Friday, October 3, 2008

Inside IP Law

The next great idea is only just a start

By James M. Connolly

Bringing a great idea out of the lab is only step one for an aspiring entrepreneur. Next comes the effort to protect that intellectual property, assuming, of course, that it really is a new idea.

There are plenty of potholes waiting for inventors who face risks such as hard work on an idea that someone else may have already patented, mis-timed patent filings, poor documentation of a patent application and inadvertently letting a friend or coworker share in the fruits of the idea.

Attorney Beth Arnold was trained as a molecular biologist but turned to the law so she could work with a broad range of technologies and help bring products to market. She has been focused on intellectual property law for more than 20 years, the last 13 with the Boston firm of Foley Hoag LLP. She identified some best practices, and big mistakes, that may be crucial for an entrepreneur.

“The first thing to do is to understand whether it’s an idea that is patentable, and that goes to the question of whether something really is new,” said Arnold.

 That process may start with online keyword searches by the inventor for prior patents if their tech sector offers a good selection of technical papers. While the inventor may have to decide whether to enlist an attorney for their search, they also must decide when to file a patent application. Arnold noted that in a highly competitive market, the inventor may not want to wait until the idea is fully fleshed out and documented. “Sometimes you just want to file to get a filing date and do your searching later,” she said.

Arnold warned that while U.S. laws allow an inventor one year of patent protection from the time they “disclose” their research in a venue such as a technical paper until they actually file their application, laws in other countries may allow a foreign competitor to jump on the idea once it has been published. That leads to another key bit of advice from Arnold.

“You really should be hesitant about talking to too many people about it. You could tell it to someone and they could go file before you,” she warned. If the inventor is going to discuss their invention with a friend or coworker at the search stage or in shaping the idea or lining up funding, there should be a confidentiality agreement. In addition, the inventor needs to guard against working too closely with peers on ideas, or the coworker could stake a claim as a collaborator, she said.

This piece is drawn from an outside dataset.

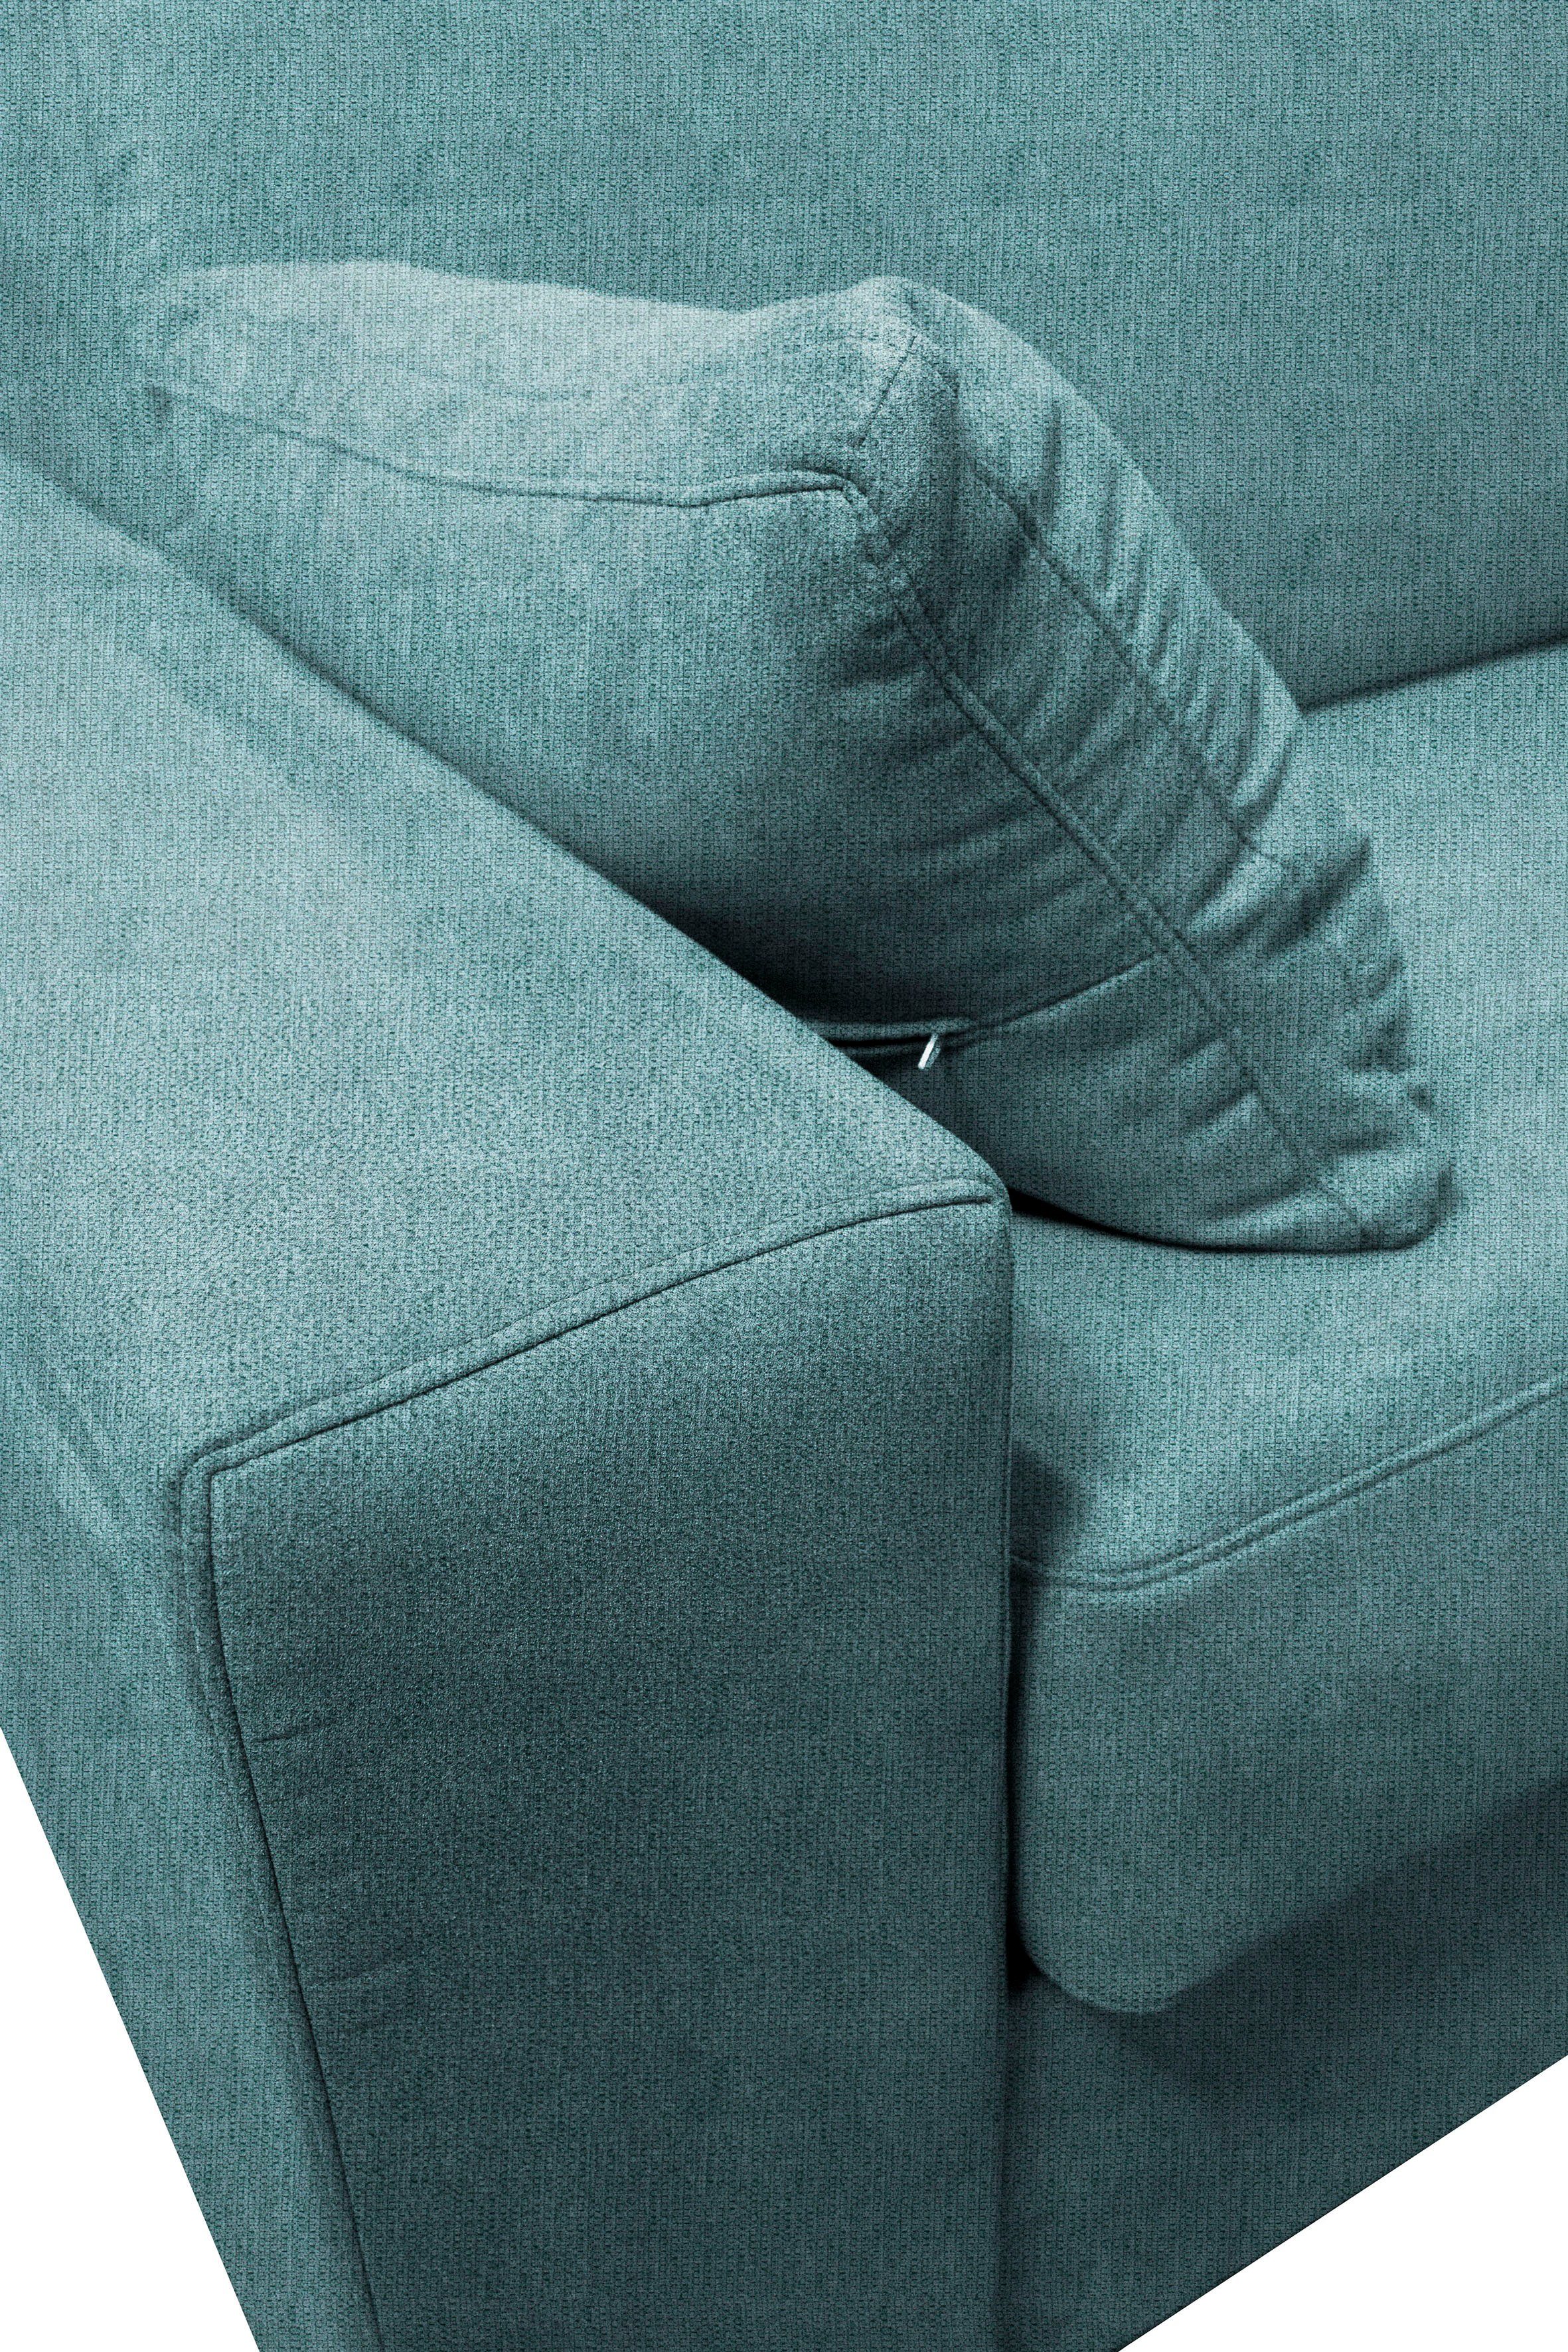 mit Unterfederung, Liegemaße Sessel cm 83x198 affaire Dauerschlaffunktion, ca Roma, Home

Often inventors are put off by the cost of a patent, Arnold said, particularly for a complicated technology. “The cost associated with a patent application is really in developing the idea. The patent attorney takes the idea and fleshes it out and translates it so no one can design around it,” she said. As with most legal activity, attorney time spent on a project means cost. Yet, there are ways to minimize hours and costs.

Communication is key, with the inventor helping to think through the invention and prove that there is no equivalent, patented technology. She said that in selecting a patent attorney, “You want to have someone you have a good rapport with, and someone who is an expert in your technology area.”

Getting a patent can be a race, “so you want someone who has the same sense of urgency that you do, and someone who will be available to you,” she said.

Word of mouth may lead an inventor to a good attorney, but Arnold also advises inventors to look at larger firms that have dedicated IP law practices. “There’s a skill that the attorney brings to the table, but there also is a lot of administrative and support work involved in patent law,” she said.